-- WORK TO BE COMPLETED --
The listing below must be repeated word for word, with its images excluded.

-- SOURCE MATERIAL --
-.-.-

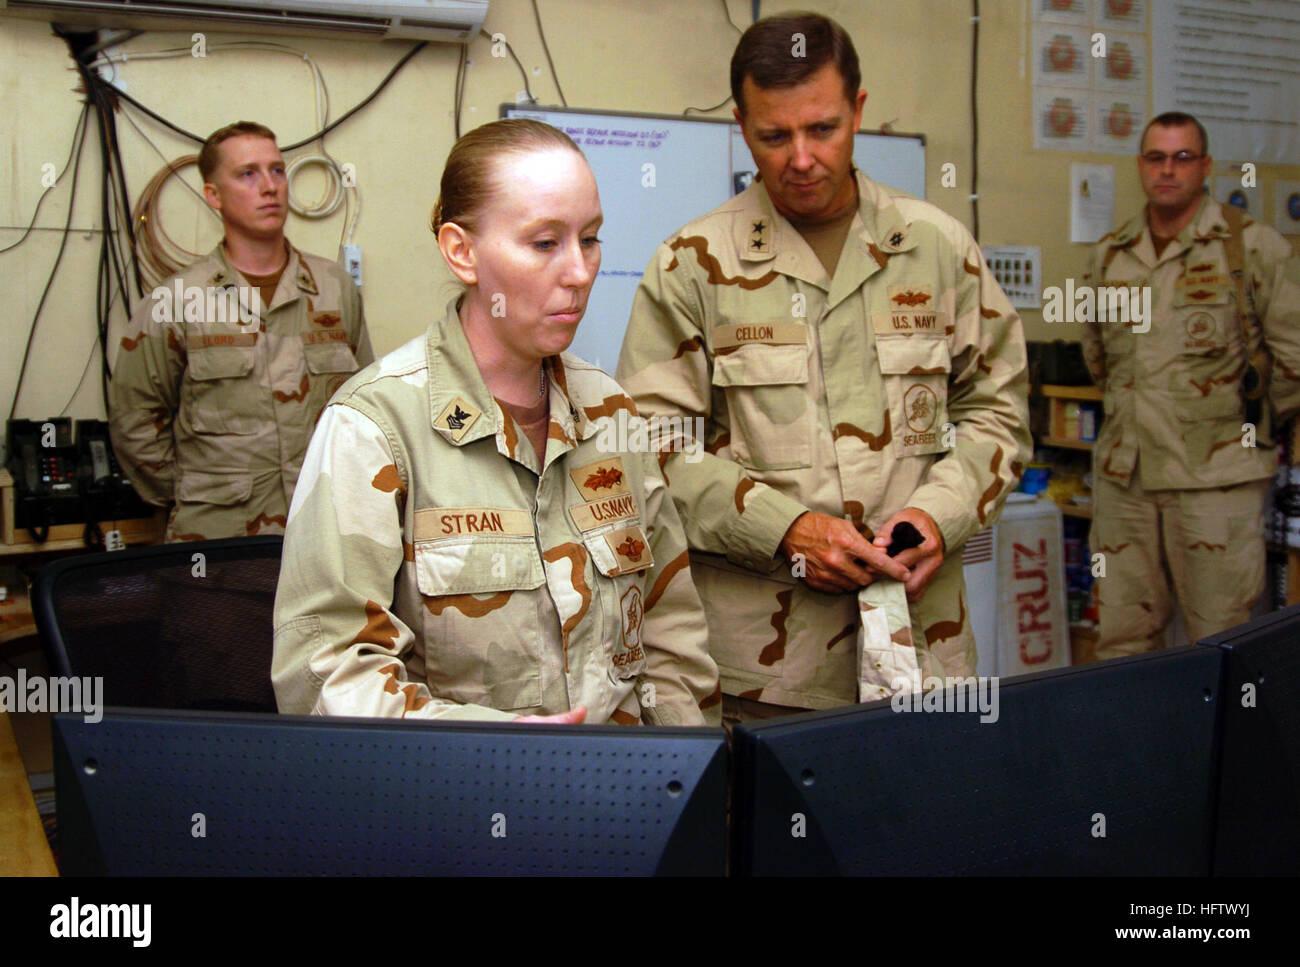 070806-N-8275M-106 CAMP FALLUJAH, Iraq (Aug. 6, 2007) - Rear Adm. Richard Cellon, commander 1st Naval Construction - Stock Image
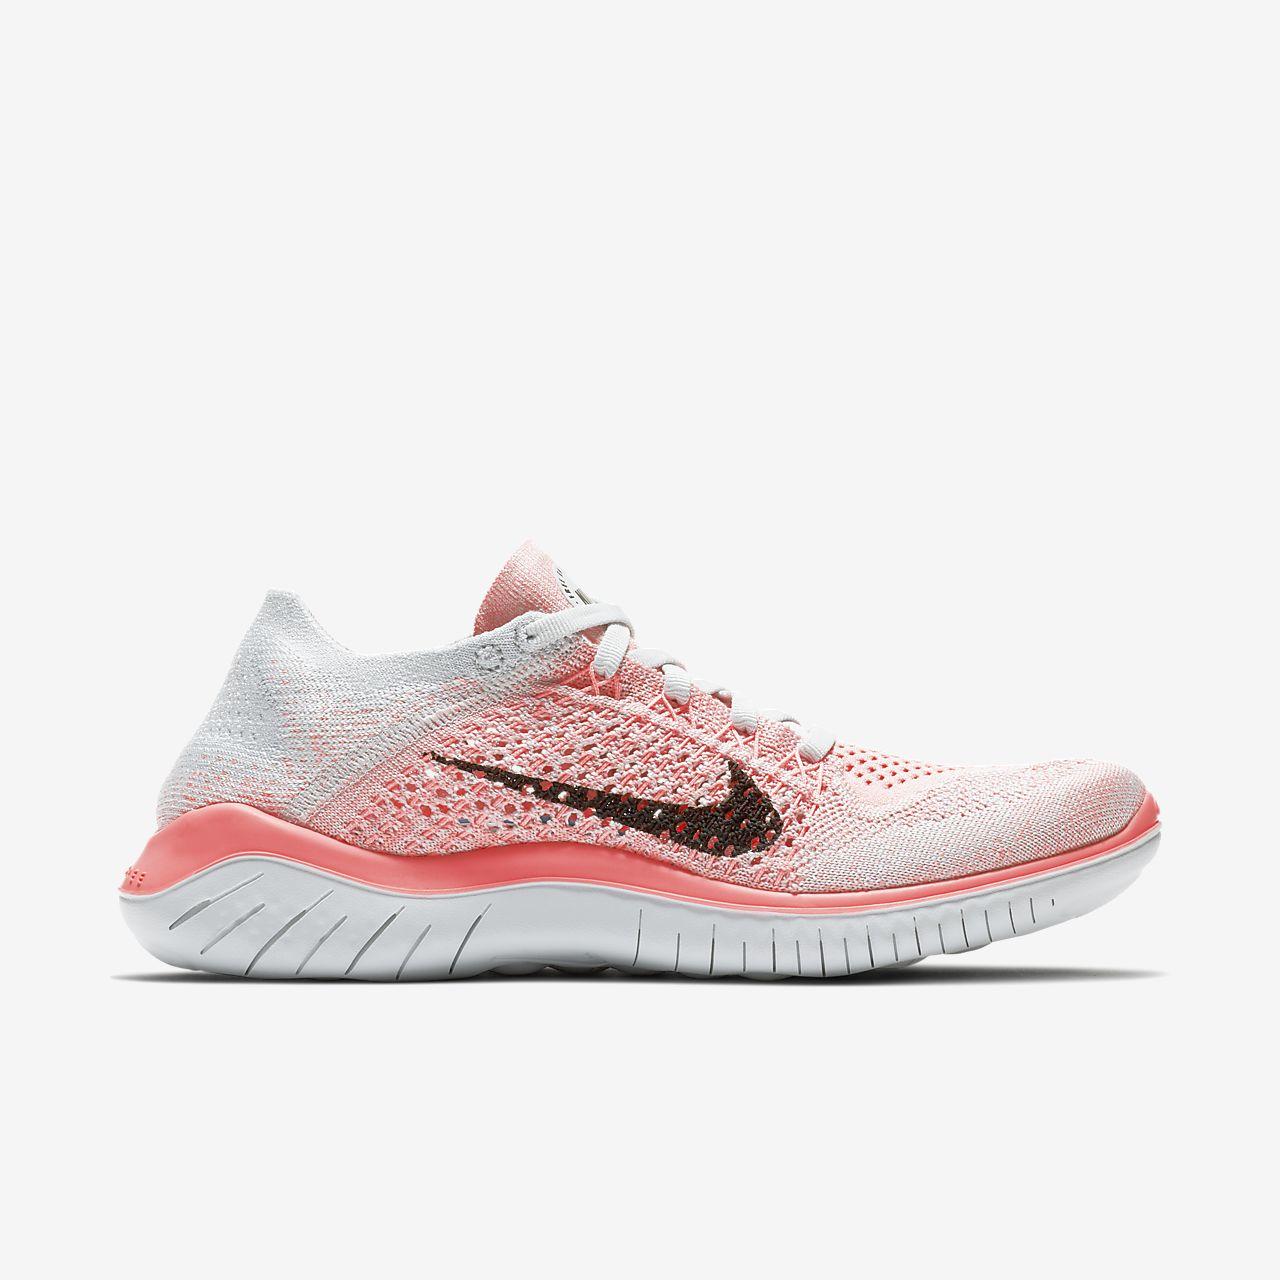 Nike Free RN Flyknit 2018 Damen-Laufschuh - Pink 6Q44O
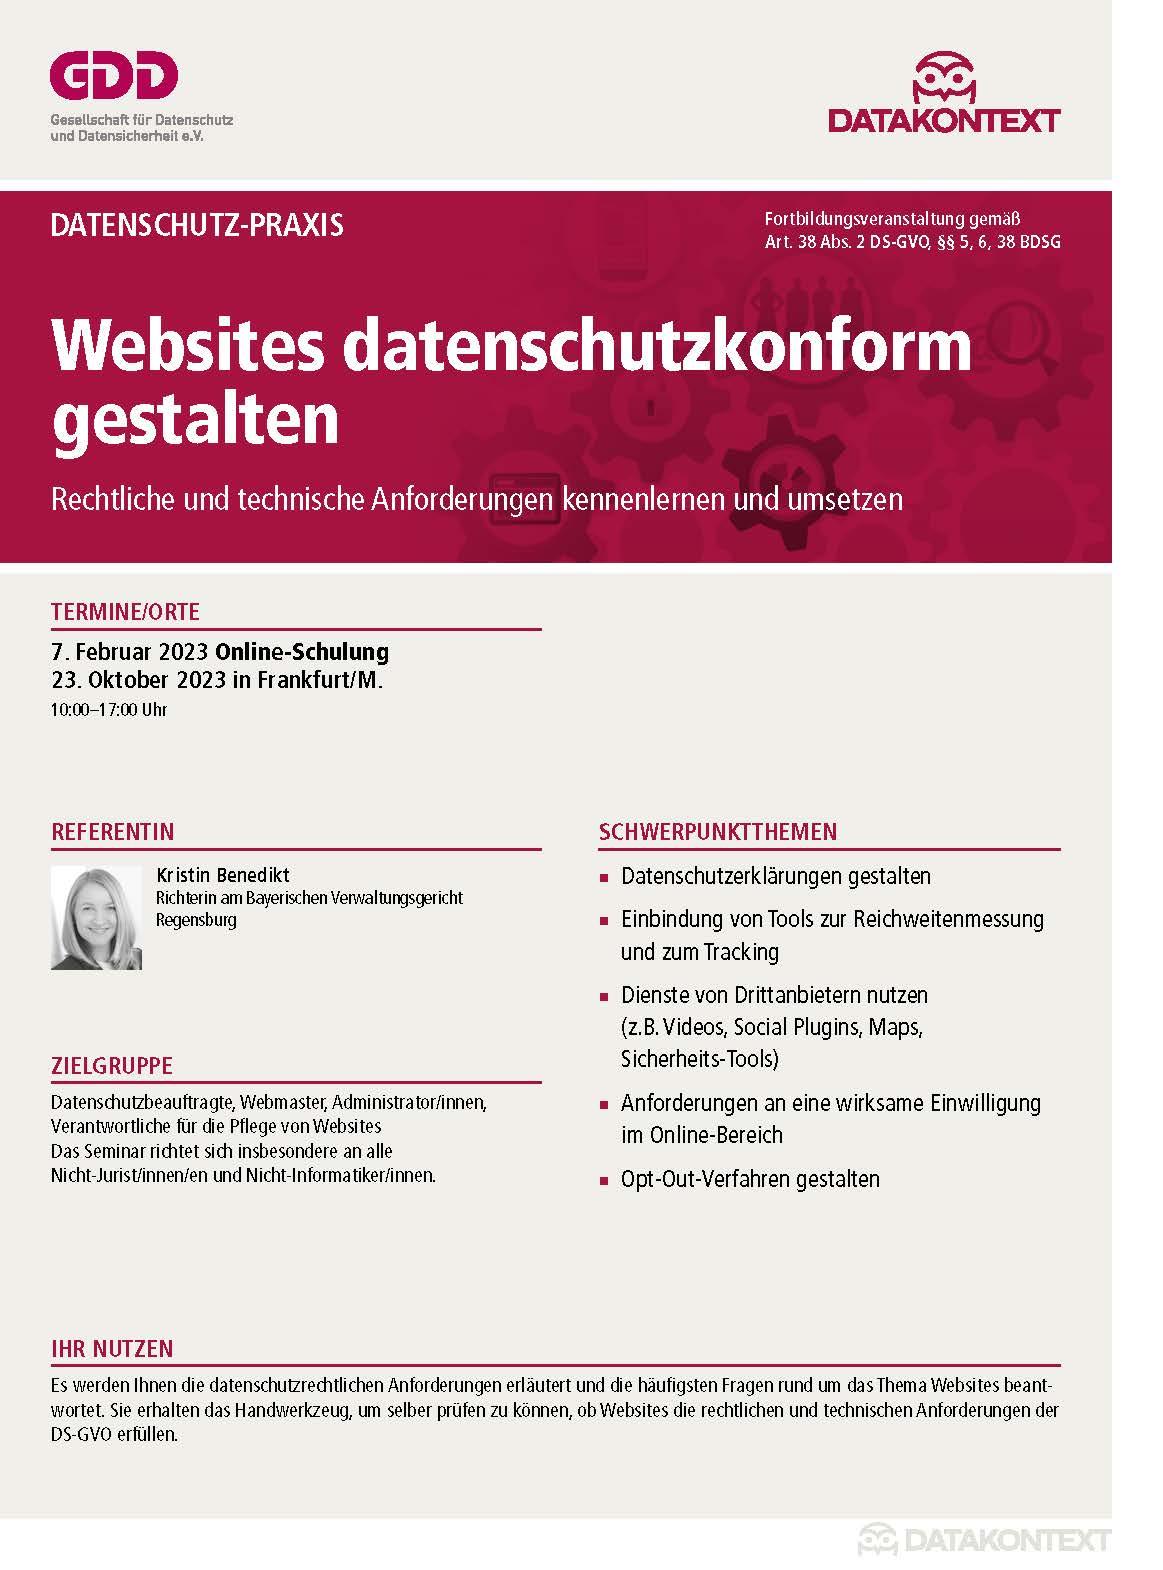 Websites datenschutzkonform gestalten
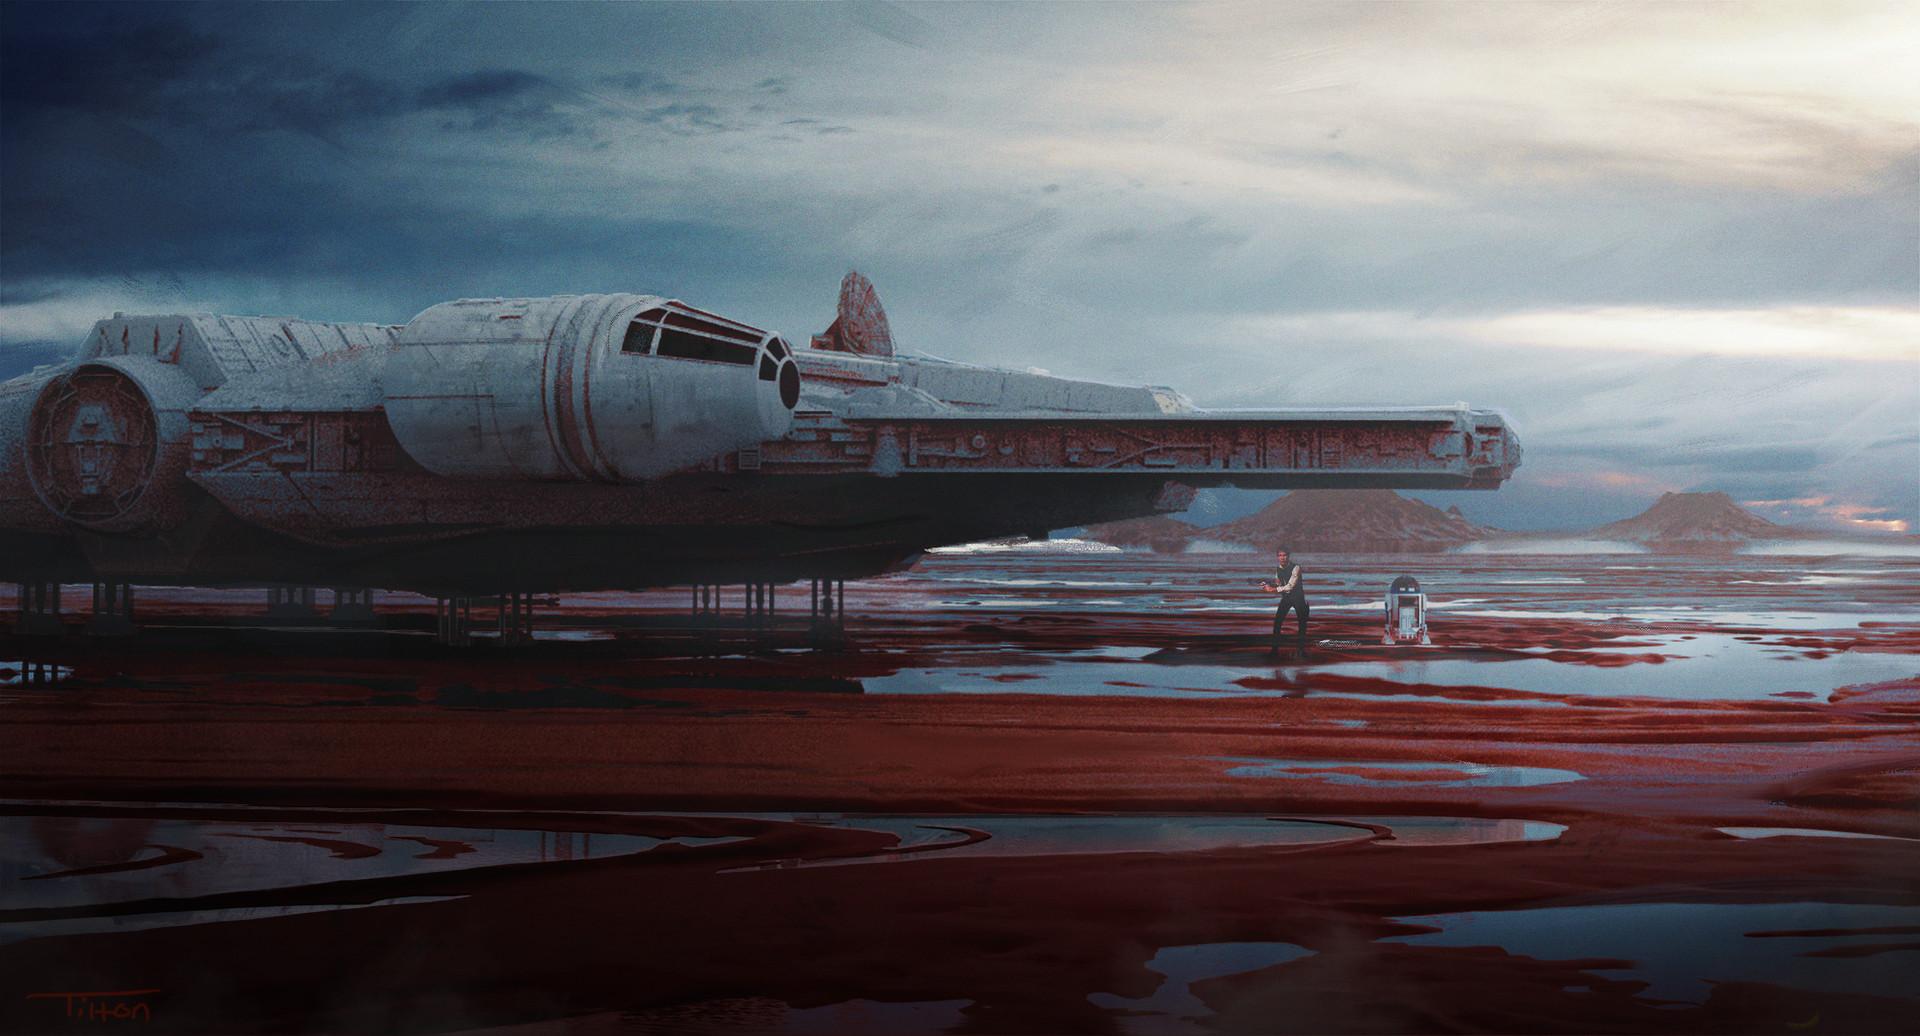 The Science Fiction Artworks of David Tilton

-.-.-

-- SOLUTION --
 070806-N-8275M-106 CAMP FALLUJAH, Iraq (Aug. 6, 2007) - Rear Adm. Richard Cellon, commander 1st Naval Construction - Stock Image
 Nike Free RN Flyknit 2018 Damen-Laufschuh - Pink 6Q44O
 Websites datenschutzkonform gestalten
 The Science Fiction Artworks of David Tilton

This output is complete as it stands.